Bangladeshi actor (born 1994)

Chowdhury Jawata Afnan is a Bangladeshi film and television actor. He entered the entertainment industry through films and later acted in dramas. He made his film debut with the 2011 Bangladeshi war-based film Amar Bondhu Rashed. The film, based on the Muhammed Zafar Iqbal novel of the same name, was directed by Morshedul Islam with funding from the Government of Bangladesh.

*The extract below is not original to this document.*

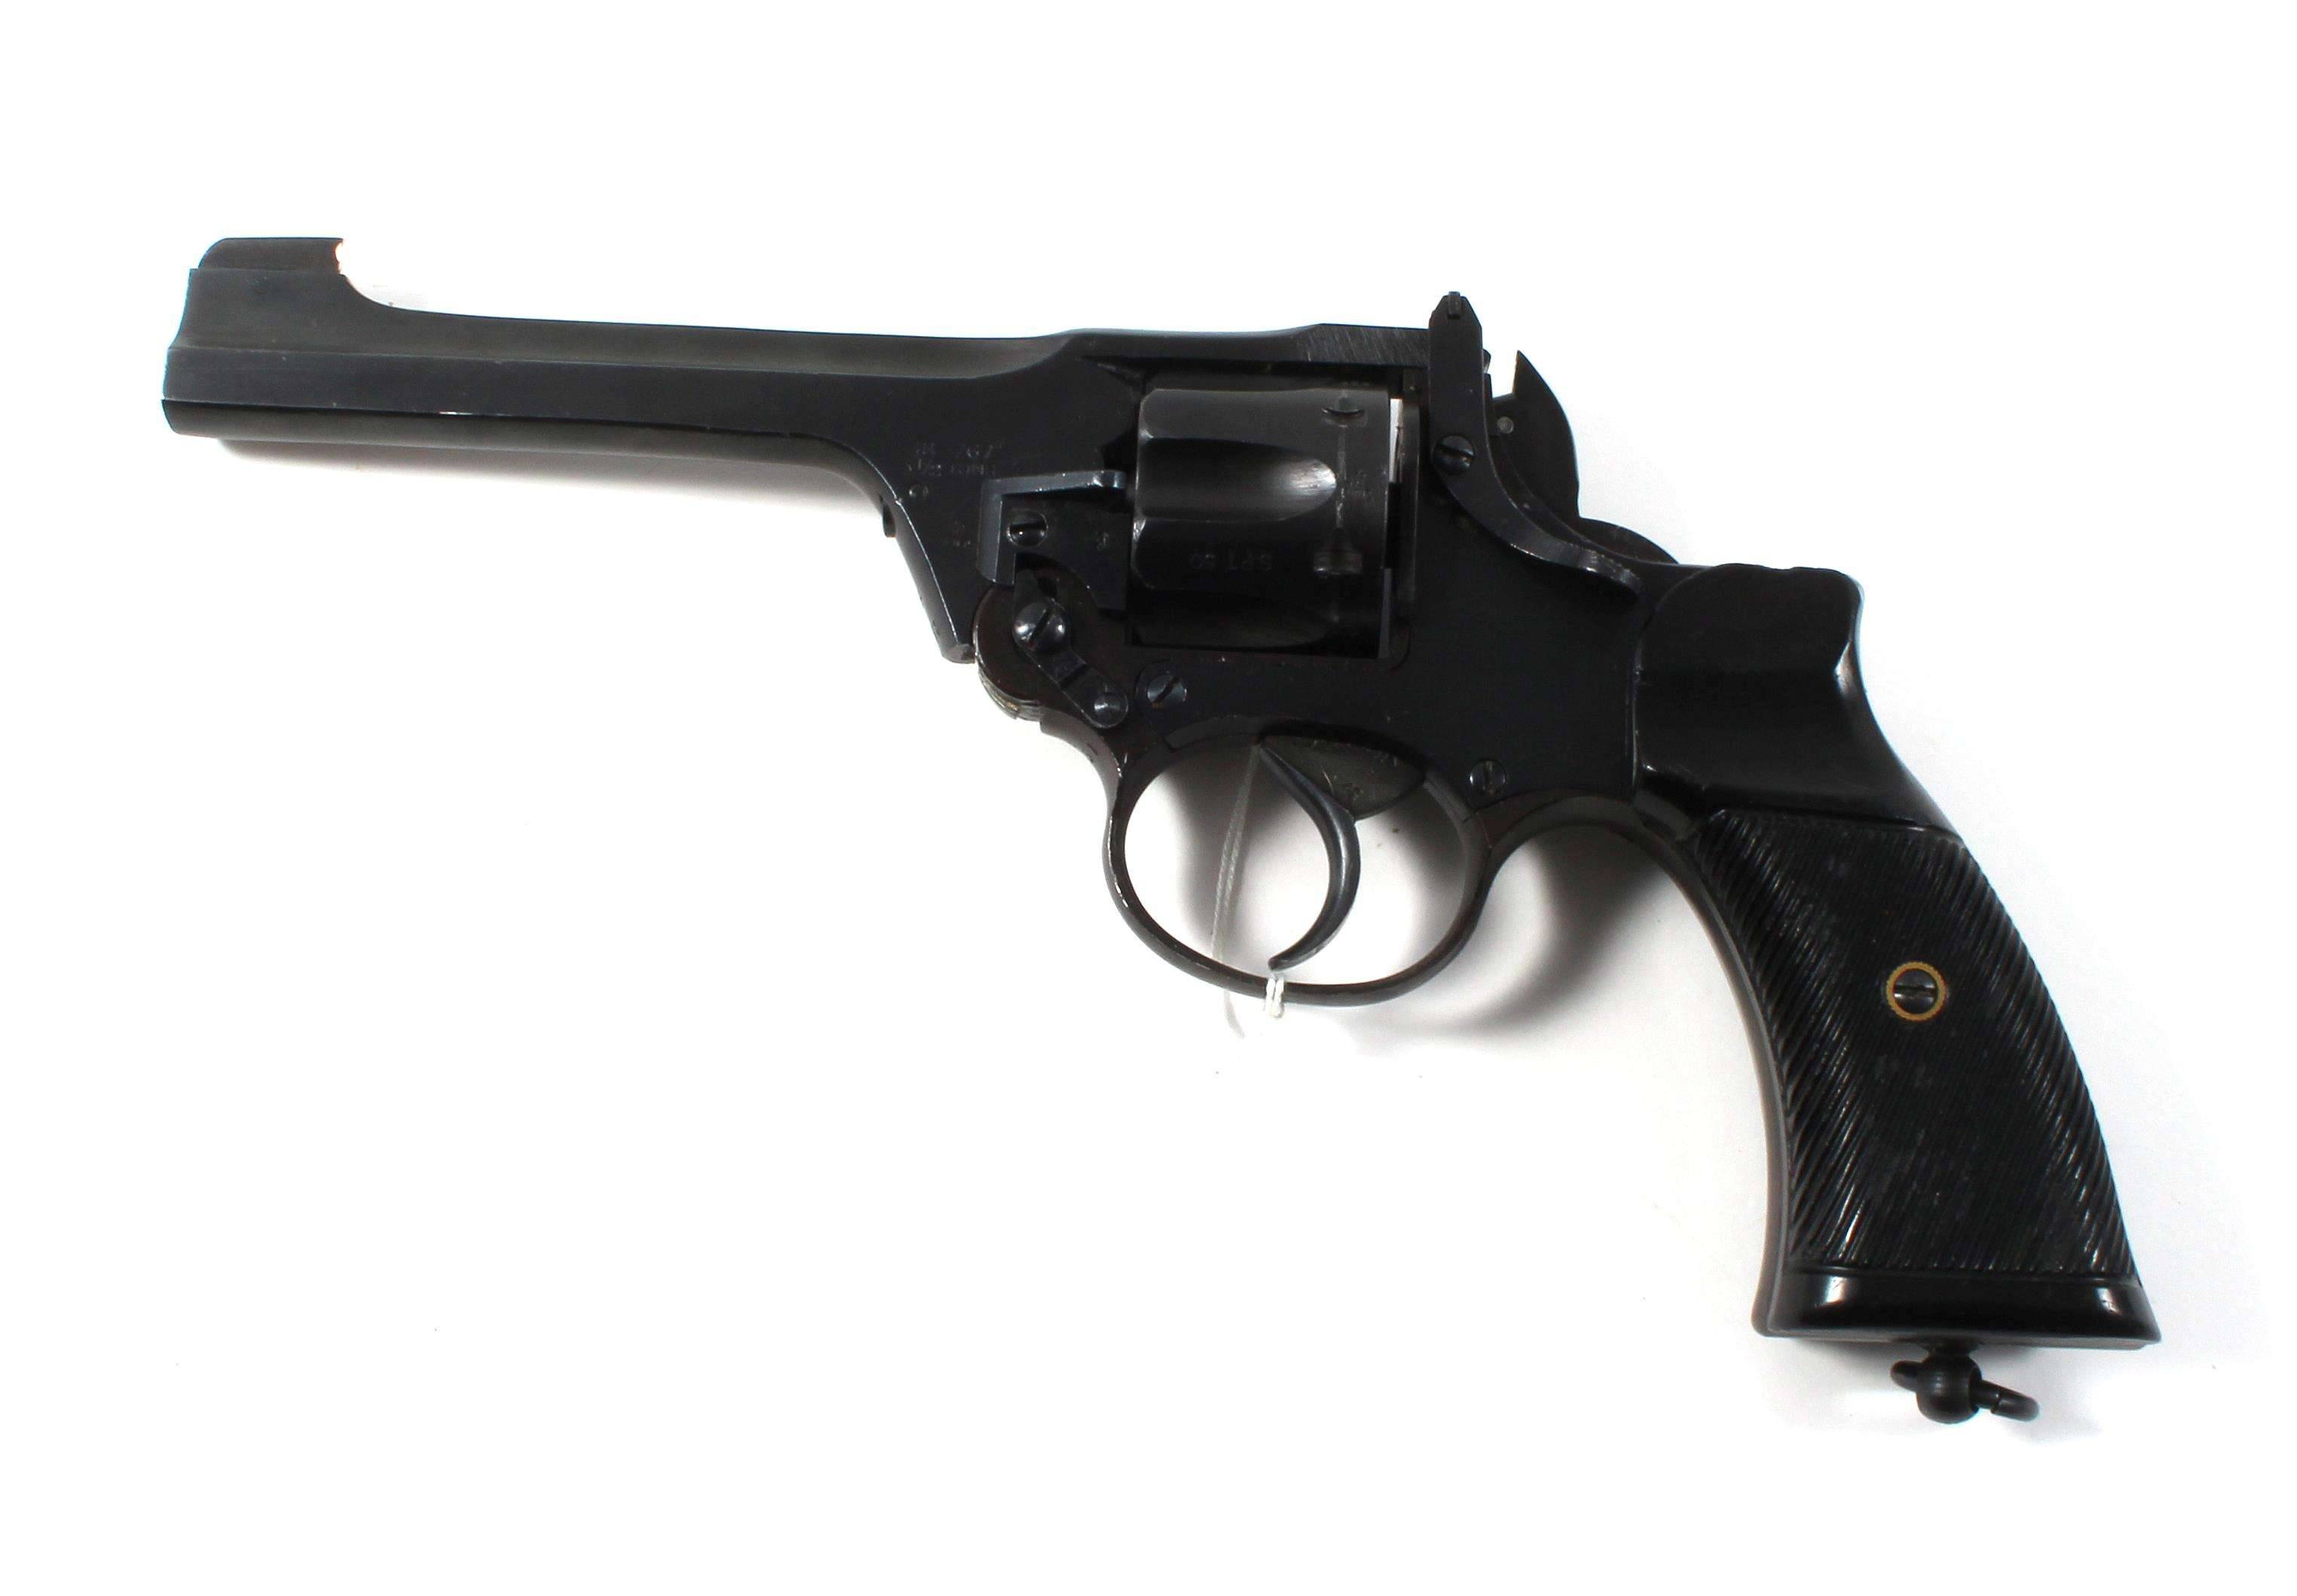 Enfield револьвера - enfield revolver - qwe.wiki

He played the lead role of Rashed in the film, for which he received wide praise from the audience.

== Early life and education ==
Afnan was born into a Muslim family in Dhaka, Bangladesh, on 29 August, 1994. He completed his SSC in 2012 from Dhanmondi Government Boys' High School and HSC in 2014 from Dhaka City College. He was a BBA student (2015–2019) at North South University.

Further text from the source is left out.